• Exercise
Your response should consist of the entire listing, transcribed exactly, with every image left out.

Information supplied: Begin

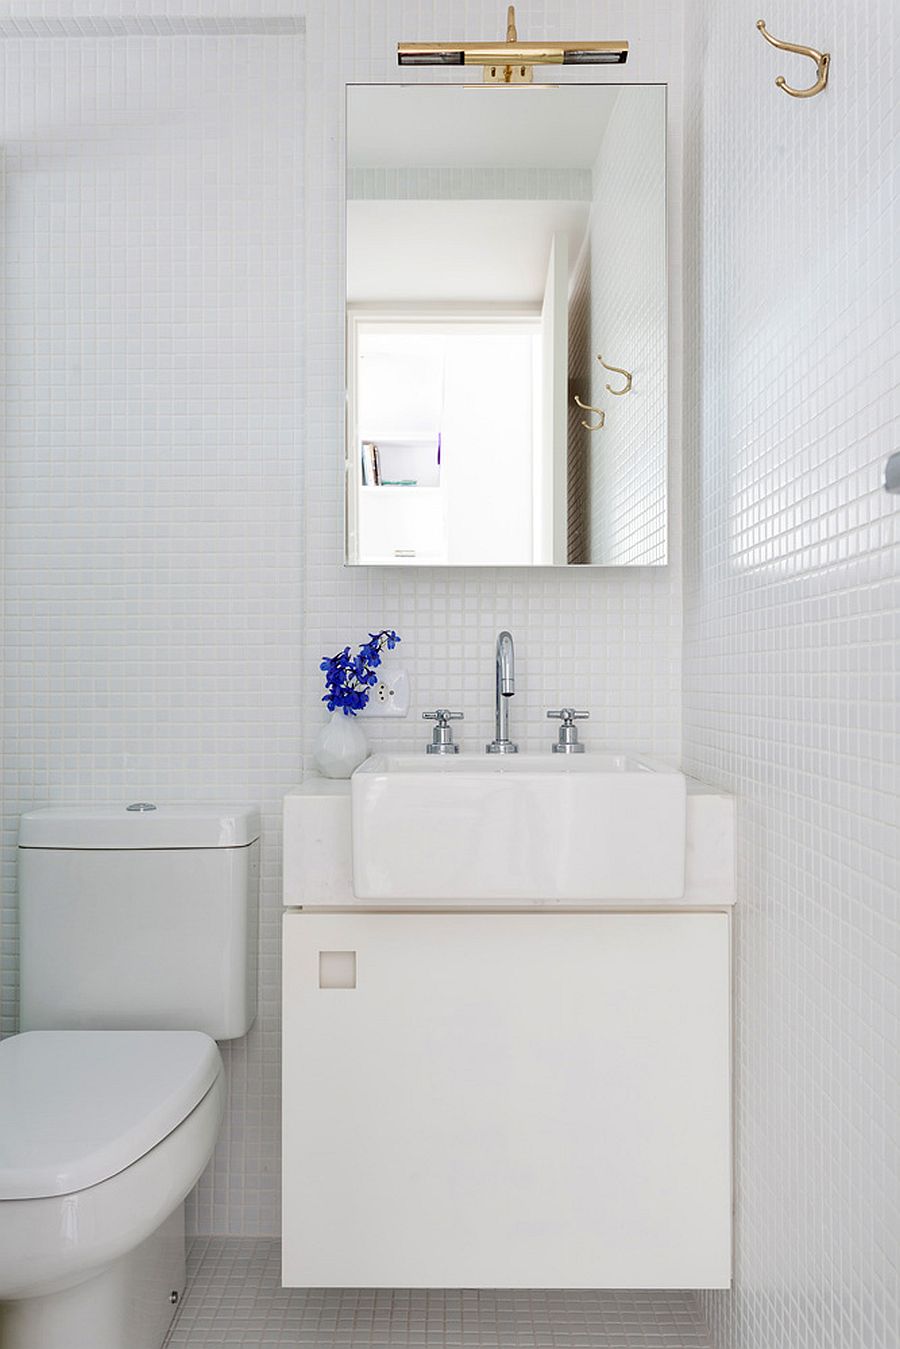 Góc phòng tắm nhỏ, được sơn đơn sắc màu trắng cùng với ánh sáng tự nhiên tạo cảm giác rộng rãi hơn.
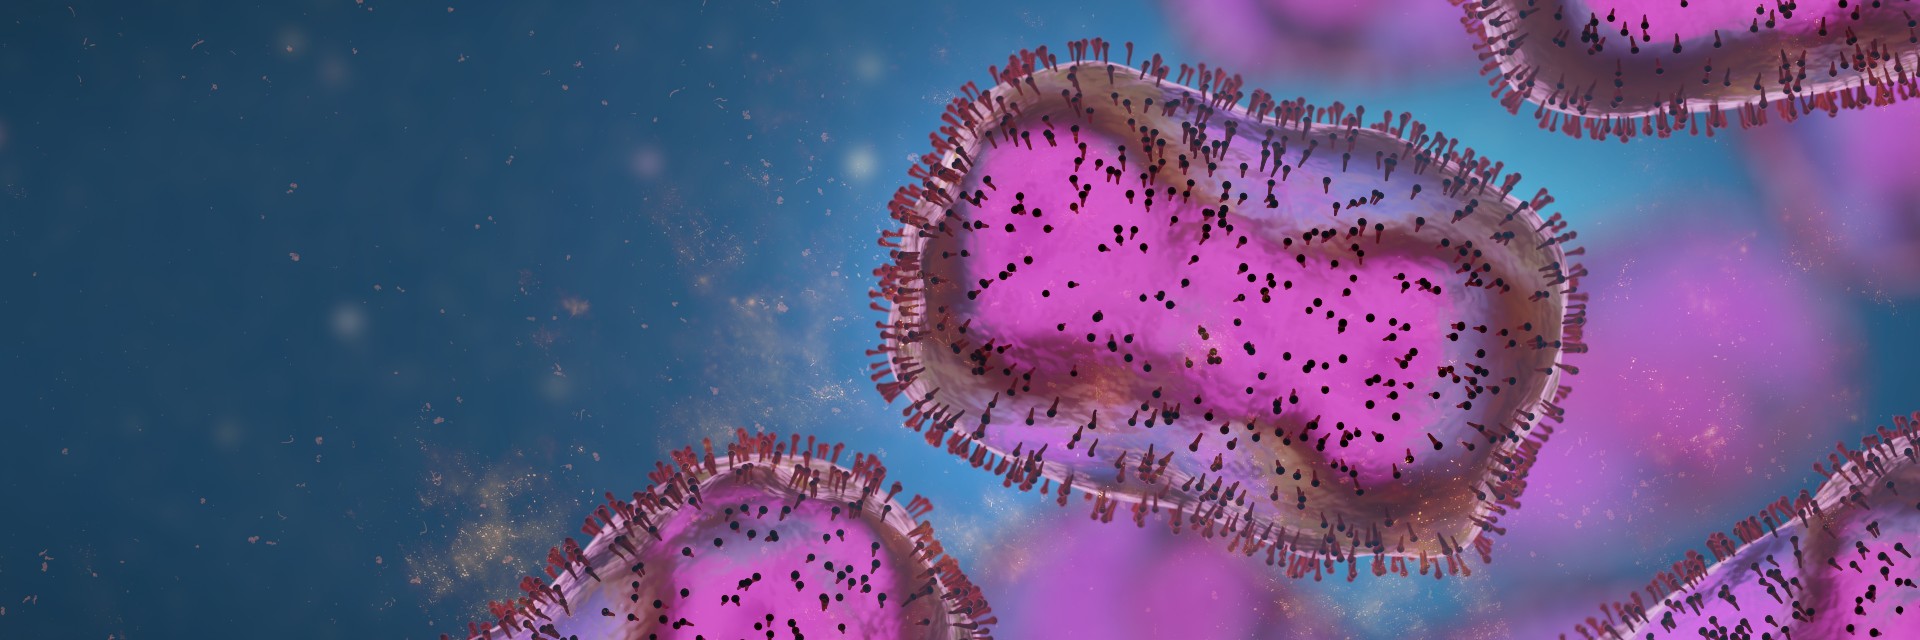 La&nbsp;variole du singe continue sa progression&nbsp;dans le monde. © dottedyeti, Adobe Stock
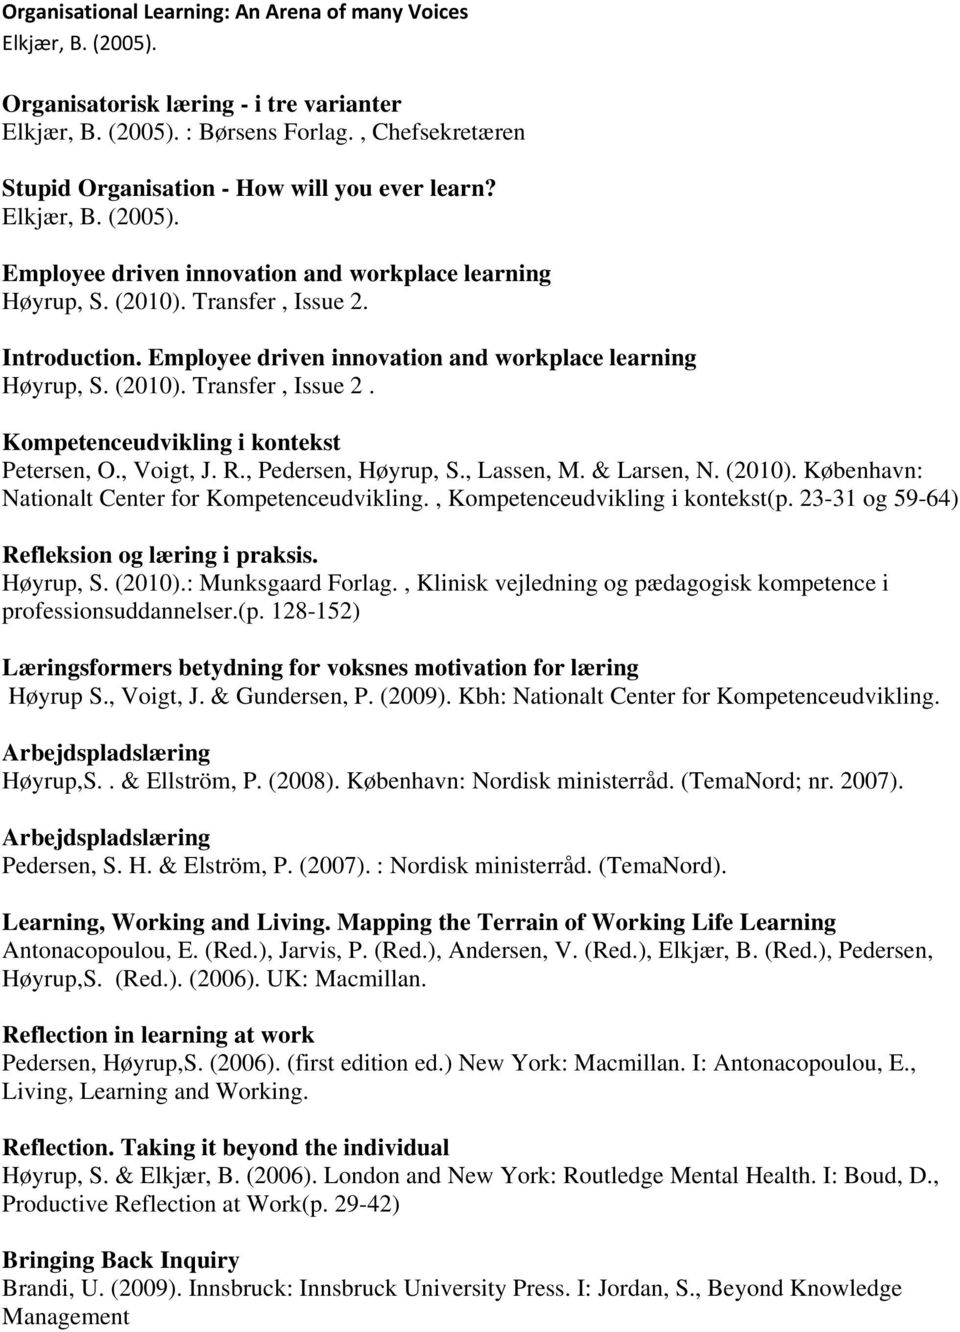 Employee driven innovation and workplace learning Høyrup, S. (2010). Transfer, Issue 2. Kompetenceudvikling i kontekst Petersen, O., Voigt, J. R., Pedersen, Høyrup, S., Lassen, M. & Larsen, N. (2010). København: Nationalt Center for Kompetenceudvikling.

Information supplied: End

• Response to the exercise
 Góc phòng tắm nhỏ, được sơn đơn sắc màu trắng cùng với ánh sáng tự nhiên tạo cảm giác rộng rãi hơn.
 La&nbsp;variole du singe continue sa progression&nbsp;dans le monde. © dottedyeti, Adobe Stock
 Employee driven innovation and workplace learning Høyrup, S. (2010). Transfer, Issue 2. Kompetenceudvikling i kontekst Petersen, O., Voigt, J. R., Pedersen, Høyrup, S., Lassen, M. & Larsen, N. (2010). København: Nationalt Center for Kompetenceudvikling.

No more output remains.